Tokens per Second Performance
ubatch_size | ctx_size=64 | ctx_size=128 | ctx_size=256 | ctx_size=512 |
---|---|---|---|---|
64 | 2233 | 2093 | 2128 | 2125 |
128 | N/A | 2866 | 2821 | 2877 |
256 | N/A | N/A | 3287 | 3349 |
512 | N/A | N/A | N/A | 3469 |
ubatch_size | ctx_size=2048 | ctx_size=4096 | ctx_size=8192 | ctx_size=16384 |
---|---|---|---|---|
256 | 3971 | 3630 | 3593 | 2766 |
512 | 4143 | 3797 | 3758 | 2852 |
1024 | 4059 | 3742 | 3707 | 2822 |
2048 | 3957 | 3631 | 3603 | 2762 |
4096 | N/A | 3450 | 3410 | 2625 |
Peak VRAM Usage (MB)
ubatch_size | ctx_size=64 | ctx_size=128 | ctx_size=256 | ctx_size=512 |
---|---|---|---|---|
64 | 1691 | 1689 | 1689 | 1697 |
128 | N/A | 1729 | 1727 | 1737 |
256 | N/A | N/A | 1803 | 1811 |
512 | N/A | N/A | N/A | 1963 |
ubatch_size | ctx_size=2048 | ctx_size=4096 | ctx_size=8192 | ctx_size=16384 |
---|---|---|---|---|
256 | 1885 | 1947 | 2099 | 2409 |
512 | 2025 | 2101 | 2257 | 2577 |
1024 | 2329 | 2407 | 2571 | 2917 |
2048 | 2933 | 3025 | 3203 | 3597 |
4096 | N/A | 4285 | 4497 | 4985 |
tagConclusion
For v4 users who want to run quantized GGUF efficiently on budget GPUs, choose IQ3_S
or IQ3_M
with our custom build of llama-embedding
- this should give you 4000 tokens/sec on regular datasets (where sentence length is <2048 tokens). For embedding longer documents, increase the context size -c
and control the physical batch size -ub
to reduce VRAM footprint. With our custom build, you can encode super long documents (>32K tokens) using only 3GB VRAM by setting -ub
to a small number like 1024 - something that wasn't possible with the original implementation or vanilla transformers.
The quest for speed optimization never ends. There's always room for faster, leaner implementations with higher throughput. 4000 tokens/sec probably isn't our ceiling - there's plenty more work to be done.

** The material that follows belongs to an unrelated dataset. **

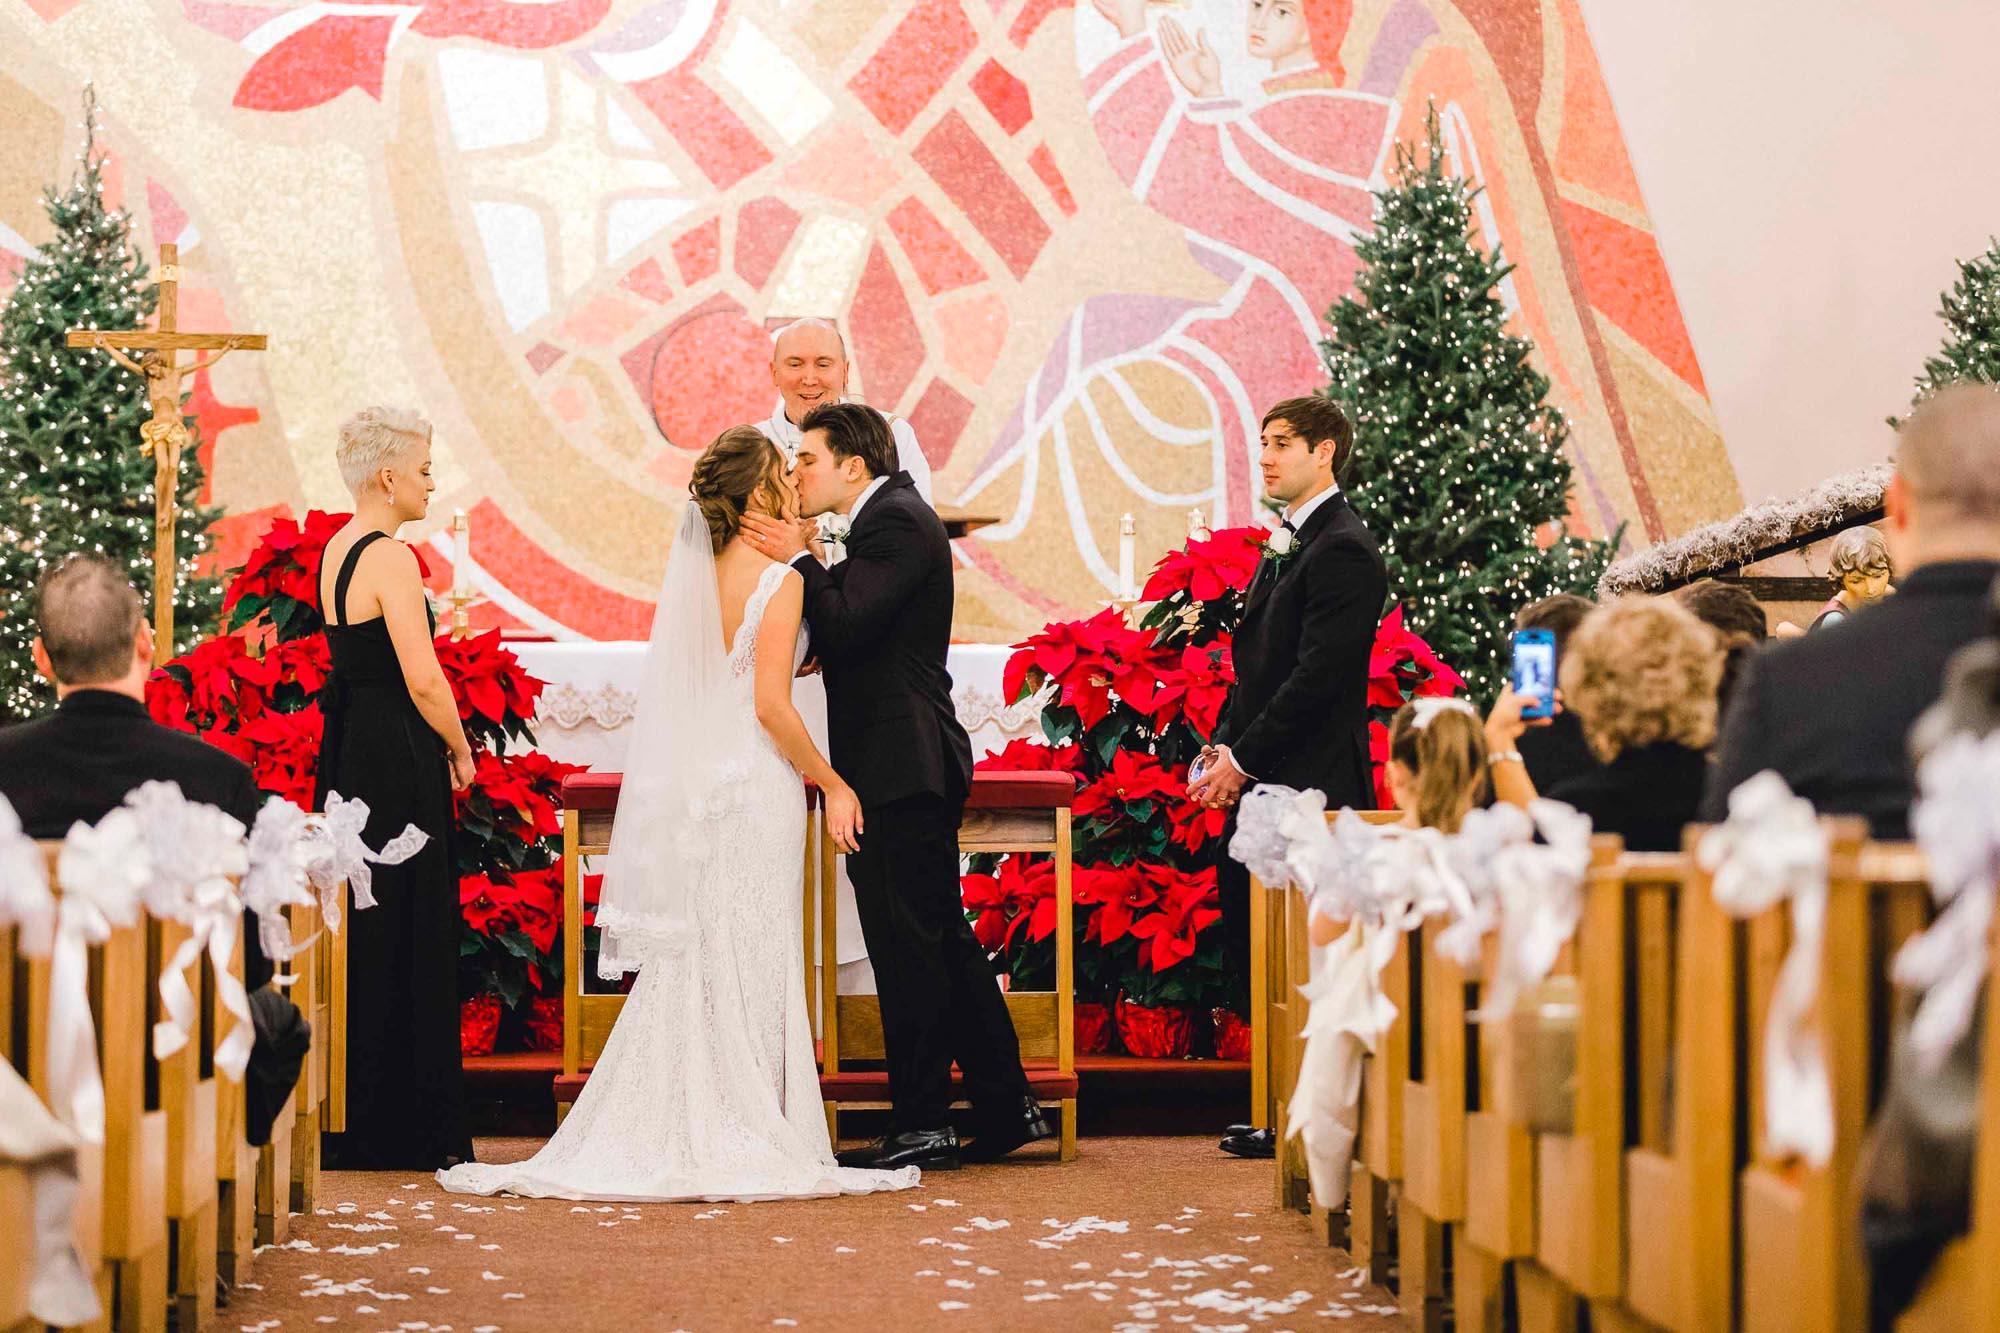 snowy-sand-springs-country-club-drums-pa-christmas-wedding-24382.jpg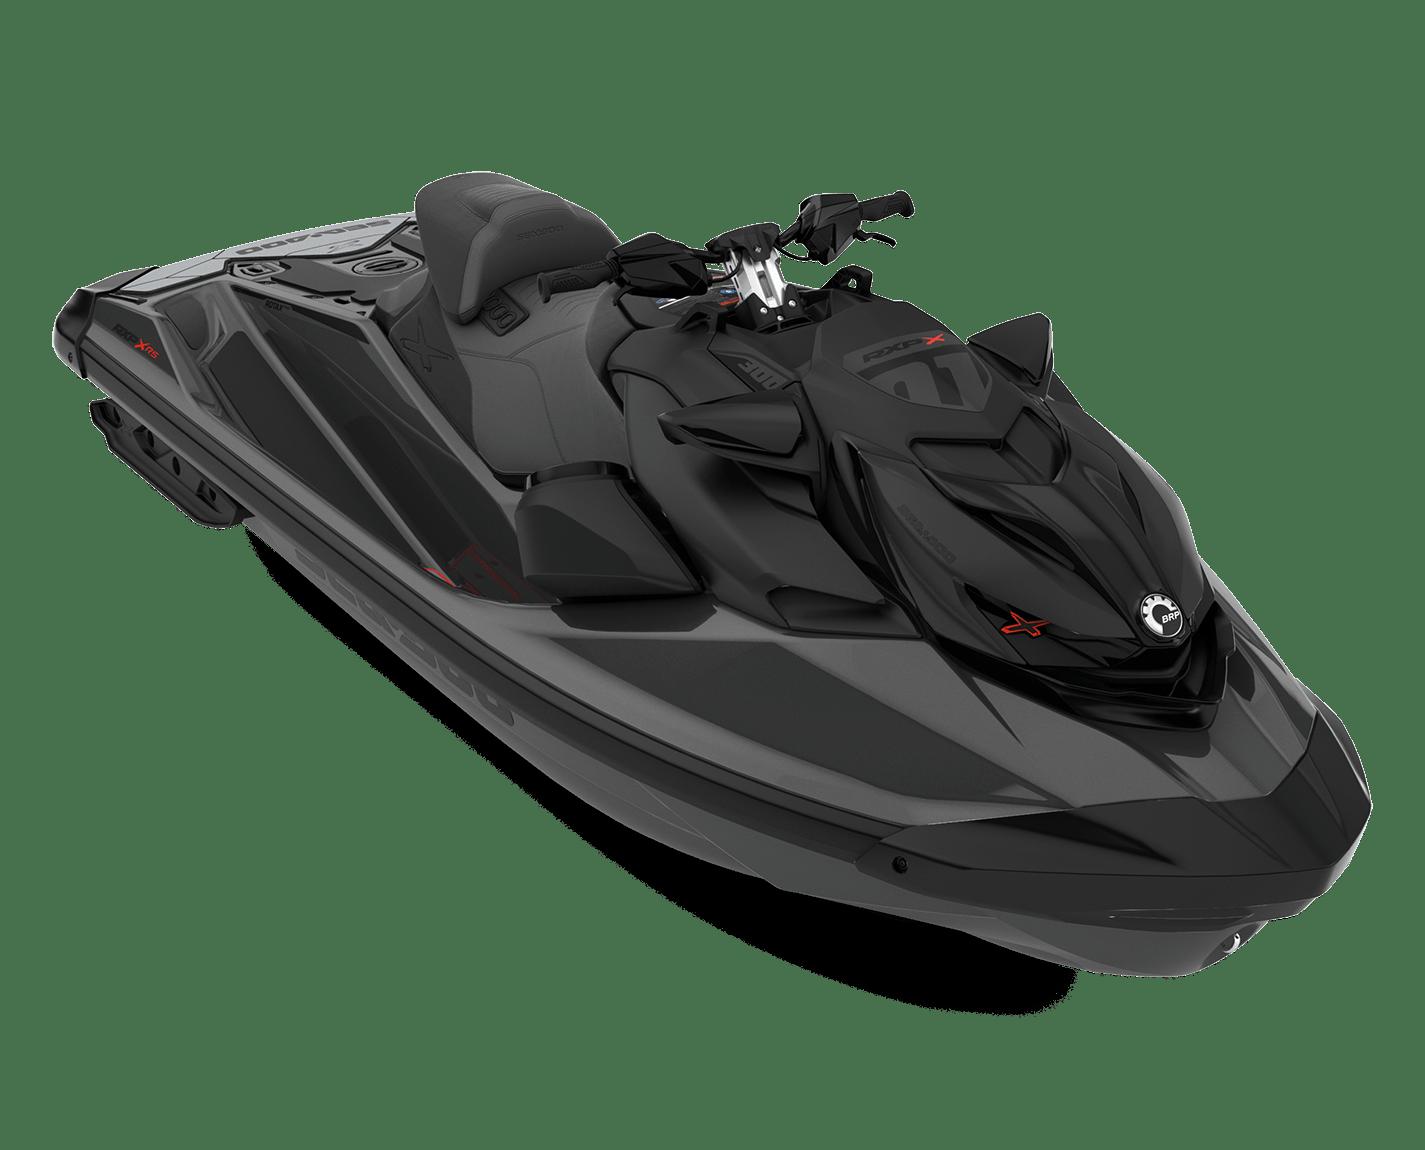 RXP-X 300 product image 2

Beyond fixing the qwen2.5-vl-3b
mmproj/vision transformer implementation in llama.cpp
, we're also exploring deeper llama.graph and KV-cache level optimizations, improving llama-serving
batching logic, and adding streaming options to embedding APIs. Our goal is to make llama.cpp
natively support modern decoder-only multimodal embeddings for our current and future reranker releases.